(Source material)

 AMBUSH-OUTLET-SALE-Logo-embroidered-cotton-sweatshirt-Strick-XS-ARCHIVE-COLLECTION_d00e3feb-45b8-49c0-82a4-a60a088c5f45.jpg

(End Source material)
(Source material)

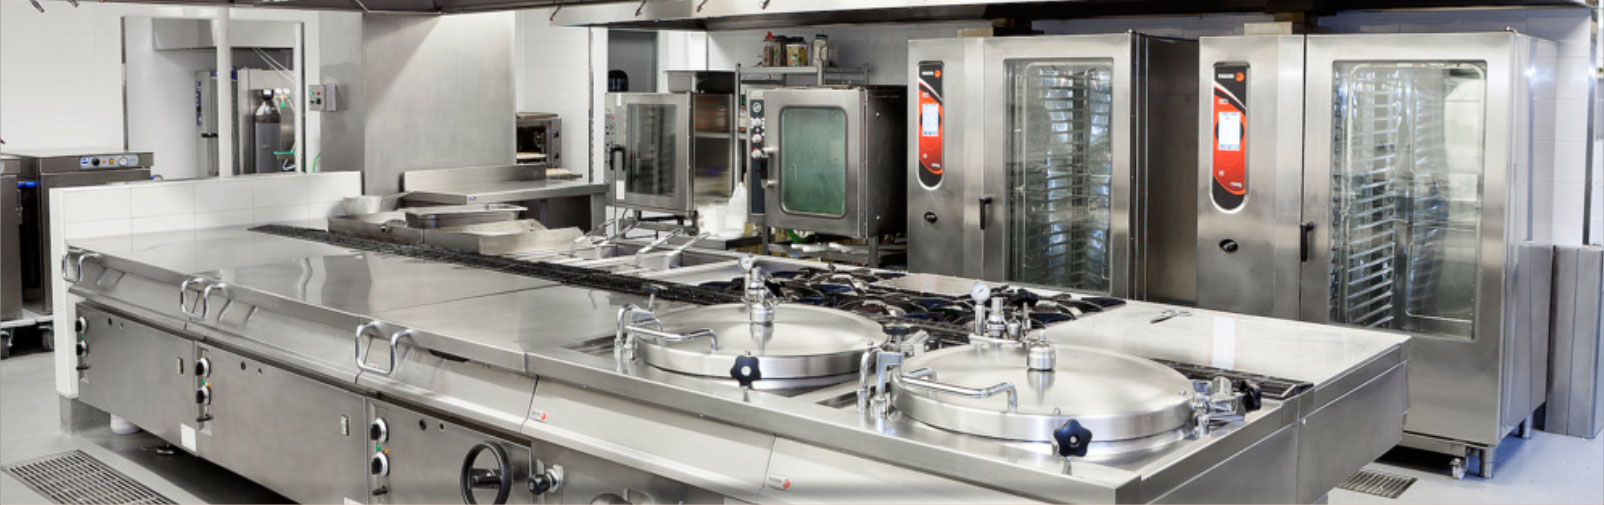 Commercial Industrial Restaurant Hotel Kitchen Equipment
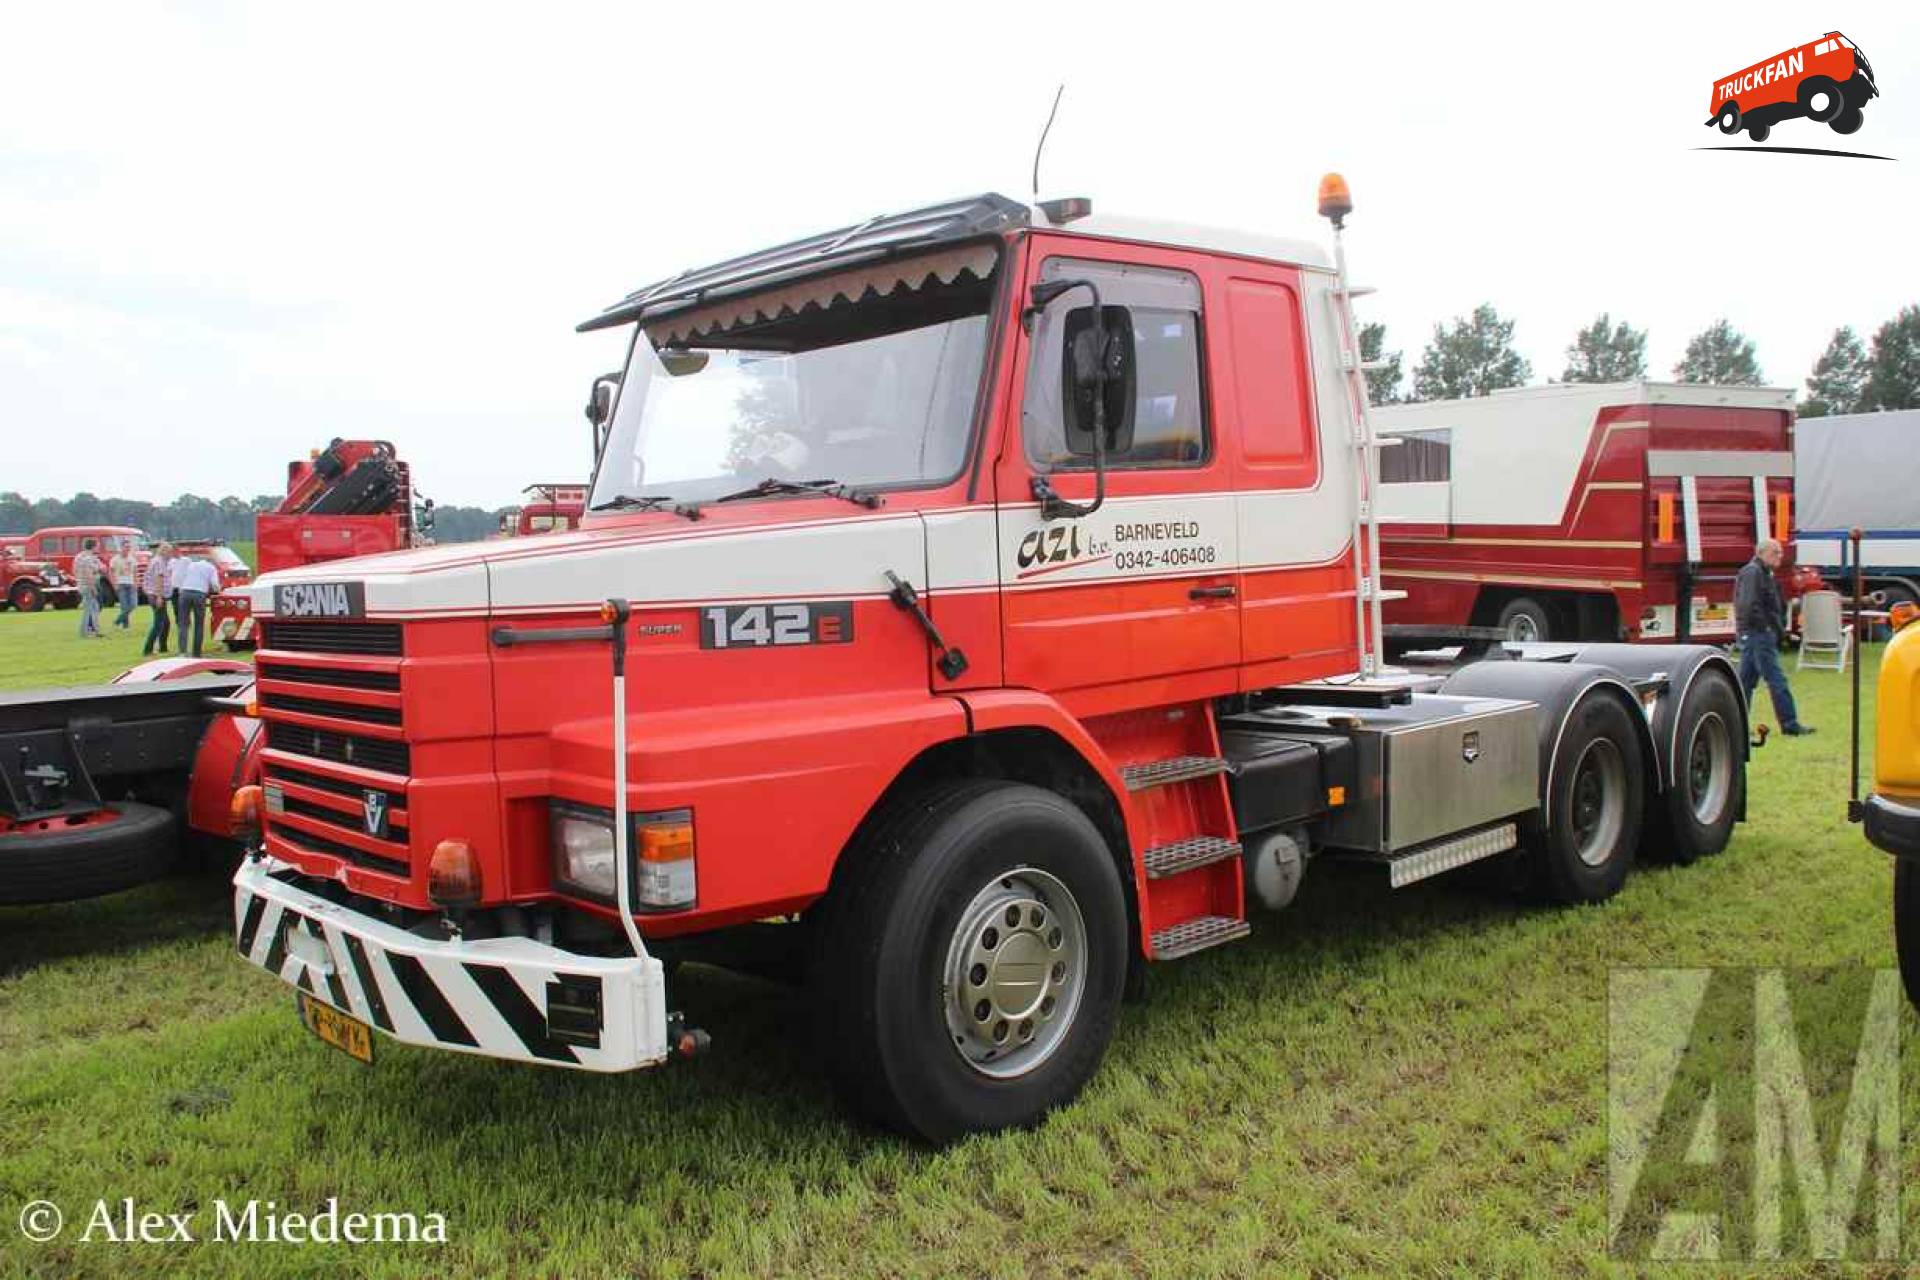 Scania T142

(End Source material)

Output only the lines above from the line that holds "Commercial Industrial Restaurant" through the line that holds "Scania T142", both ends included, and exclude pictures.

 Commercial Industrial Restaurant Hotel Kitchen Equipment
 Scania T142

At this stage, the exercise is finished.